Question

In a class, 40% of the students participated in the Mathematics quiz, 30% in the Science quiz, and 10% in both the quiz programs. If a student is selected at random from the class, find the probability that the student participated in Mathematics or Science or both quiz programs
a)$\dfrac{2}{5}$
b) $\dfrac{3}{5}$
c) $\dfrac{3}{7}$
d)None of these

Answer 1

Hint: Let us assume that the total number of students is 100. We know that $40\%$ of the students participated in the Mathematics quiz, $30\%$ in the Science quiz, and $10\%$ in both the quiz programs. Find the number of students participating in different quizzes.
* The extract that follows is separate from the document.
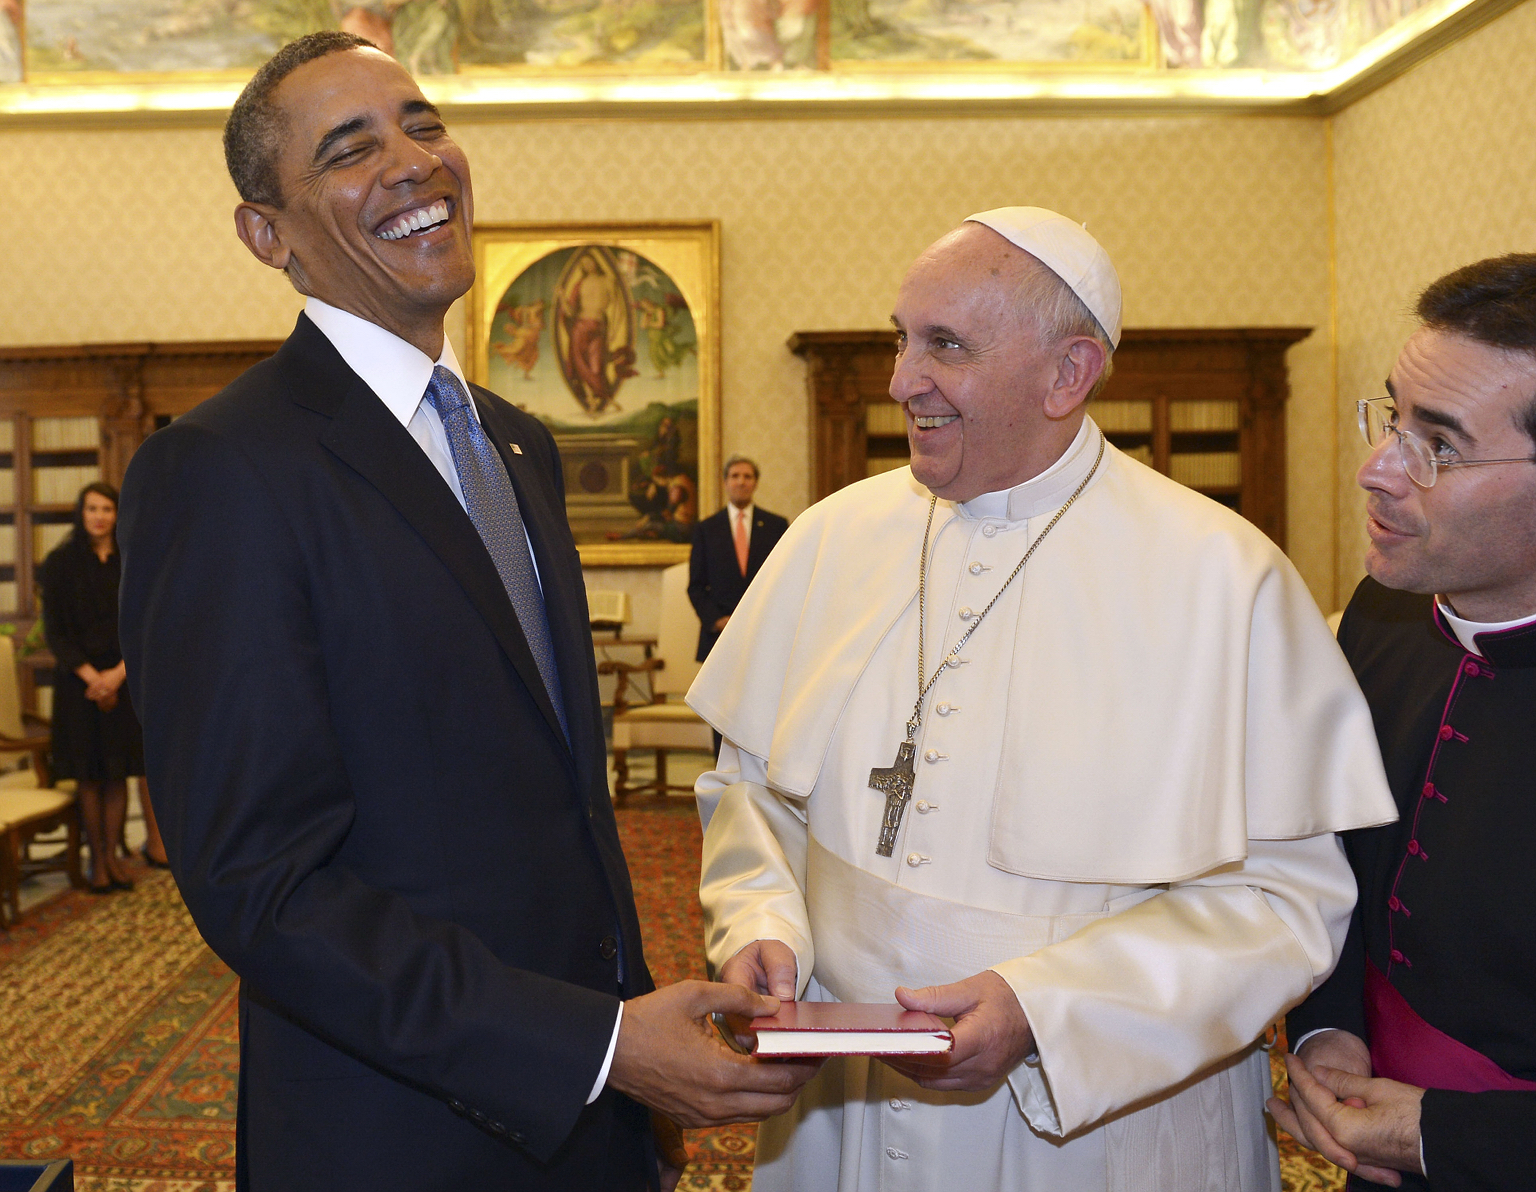 Obama Smile As They Exchange Gifts At The Vatican Thursday  Mr  Obama    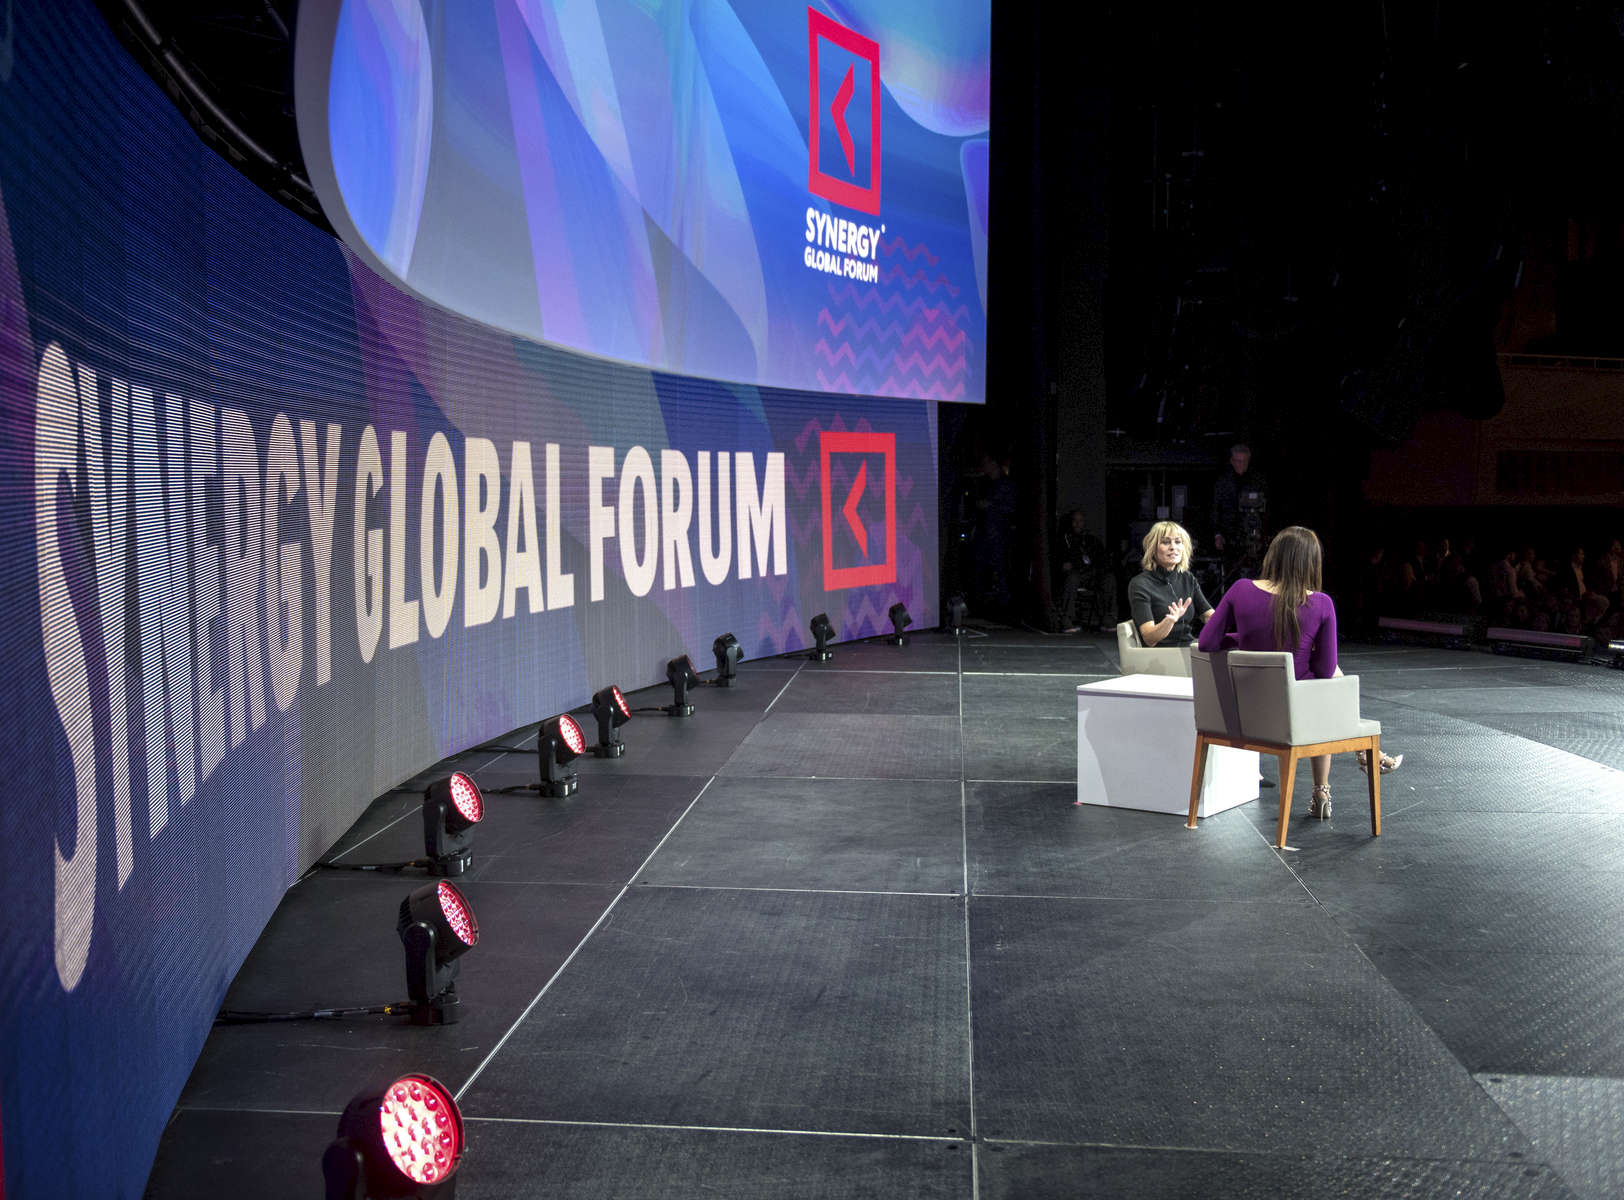 Robin Wright  is speaking at the Synergy Global Forum NY at The Theater at Madison Square Garden October 28, 2017. Photo by Ron Wyatt Photography

Find the probability for each case by using the probability formula: $P=\dfrac{\text{possible outcomes}}{\text{total outcomes}}$, then for finding the probability of selecting a student who participated in any of the quizzes we will use : $P\left( A\cup B \right)=P\left( A \right)+P\left( B \right)-P\left( A\cap B \right)$

Complete step-by-step solution:

The above Venn diagram shows the representation of students who participated in the Mathematics quiz or science quiz or both.
As we have assumed that the total number of students is 100
So, the number of students who participated in the Mathematics quiz is $40\%$, i.e.
\[\begin{align}
  & =\dfrac{40}{100}\times 100 \\
 & =40 \\
\end{align}\]
Let the probability that the student participated in Mathematics quiz be $P\left( A \right)$ , now we know that $P=\dfrac{\text{possible outcomes}}{\text{total outcomes}}$ , therefore :
$P\left( A \right)=\dfrac{\text{No}\text{. of students participated in maths quiz}}{\text{Total number of students}}=\dfrac{40}{100}=\dfrac{4}{10}\text{ }.......\text{Equation 1}$
Similarly, the number of students who participated in the Science quiz is $30\%$, i.e.
\[\begin{align}
  & =\dfrac{30}{100}\times 100 \\
 & =30 \\
\end{align}\]
So let, the probability that the student participated in Science quiz be $P\left( B \right)$ , now we know that $P=\dfrac{\text{possible outcomes}}{\text{total outcomes}}$ , therefore :
$P\left( B \right)=\dfrac{\text{No}\text{. of students participated in science quiz}}{\text{Total number of students}}=\dfrac{30}{100}=\dfrac{3}{10}\text{ }.......\text{Equation 2}$
Similarly, the number of students who participated in both quizzes is $10\%$, i.e.
\[\begin{align}
  & =\dfrac{10}{100}\times 100 \\
 & =10 \\
\end{align}\]
Now, let the probability that the student participated in both quizzes will be $P\left( A\cap B \right)$ , now we know that $P=\dfrac{\text{possible outcomes}}{\text{total outcomes}}$ , therefore :
$P\left( A\cap B \right)=\dfrac{\text{No}\text{. of students participated in both the quizzes}}{\text{Total number of students}}=\dfrac{10}{100}=\dfrac{1}{10}\text{ }.......\text{Equation 3}$
So, the probability of selecting a student who participated in any of the quizzes will be: $P\left( A\cup B \right)$
Now we know that: $P\left( A\cup B \right)=P\left( A \right)+P\left( B \right)-P\left( A\cap B \right)$
We will put the values from equation 1, 2 and 3: Therefore,
$P\left( A\cup B \right)=\dfrac{4}{10}+\dfrac{3}{10}-\dfrac{1}{10}=\dfrac{6}{10}=\dfrac{3}{5}$
Hence, option (b) is the correct answer.

Note: The formula $P\left( A\cup B \right)=P\left( A \right)+P\left( B \right)-P\left( A\cap B \right)$ is also known as de morgan’s law and is derived by using the set theory. In these kind of questions that is of probability, always explain in detail about the steps that you are using so that examiner have a better understanding of your solutions.